Fortunately, the seemingly lost cause of free speech has a serious new advocate as of 2022. When the ACLU decided that some speech didn’t merit its support, FIRE, the Foundation for Individual Rights and Expression, took over the vacant advocacy territory. FIRE used to focus entirely on campus free speech issues, but expanded its efforts to include many more arenas in which ideas can be censored. It has hired new staff and is learning the hard way that defending our First Amendment is a very big job. I’m confident they are up to the task – and I hope they will keep an eye on the publishing industry for me. Yes, I know that publishers are not the government. 

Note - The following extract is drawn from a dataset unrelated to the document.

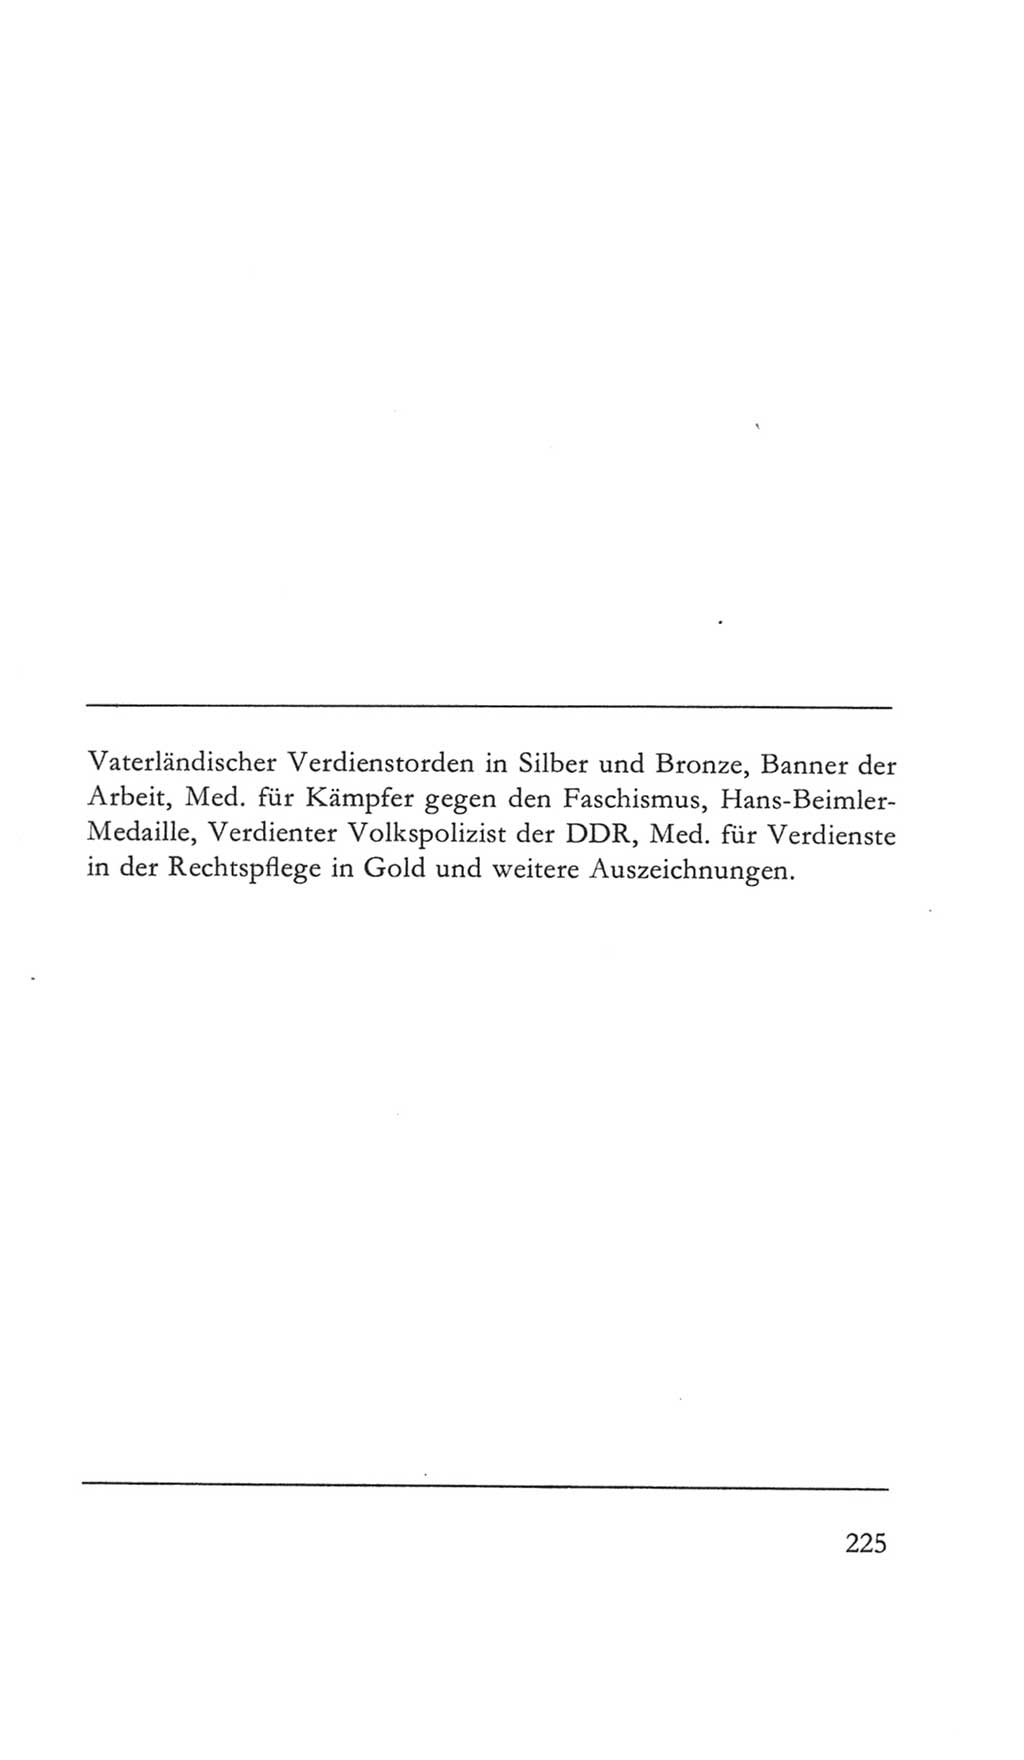 Volkskammer (VK) der Deutschen Demokratischen Republik (DDR) 5. Wahlperiode 1967-1971, Seite 225 (VK. DDR 5. WP. 1967-1971, S. 225)

If you, like most Americans, already buy everything at Amazon, look for Woke Antisemitism. I’ll be writing more about it soon.  

I Am in Awe of the JWST

Folks, if you are discouraged about the state of humanity, I have a fix for you. I finally got my act together last week and did whatever was required to get PBS streaming programs on my TV. I’ve been paying a monthly contribution to PBS for quite a while, but hadn’t set up the app for streaming. Finally did it, and the first thing I treated myself to was the Nova program from last July about the James Webb Space Telescope.

Humans are amazing when they can cooperate to reach a goal, that’s all I can say. We are so accustomed to the daily news about crime, wars, health care chaos, traffic rudeness, and other misbehavior, that I had settled into a very dark narrative about the human condition. Yet after I watched this program detailing the decades of work of over 20,000 scientists and engineers who developed new materials, new mechanical details, new schemes to complete this marvel of technology, fold it into a rocket, blast it into space, then watch it unfold and get itself into operational mode without a flaw, I was stunned. Everything that happened after the launch had to occur without any tweaking by developers here on Earth.

Now it is a million miles from home. Far too far away for any tinkering by earthlings such as our astronauts did by putting a pair of glasses on the also amazing Hubble telescope. JWST had to work its way through more than 300 points in its deployment; failure of any one of which could have ruined the whole thing. Imagine the testing and revising and retesting that happened before it was folded and packed into its rocket.

Best bet for curing your despair over human nature: watch the PBS video. If, for some reason, you can’t stream it, borrow it from a library. Nova, July 2022: https://www.pbs.org/wgbh/nova/video/ultimate-space-telescope/

Second best: jwst.nasa.gov

The NASA website is great, but the video really tells the story, and you’ll get caught up in the anxiety in the room as each bit of the deployment unfolds (literally) a million miles beyond our ability to fix anything.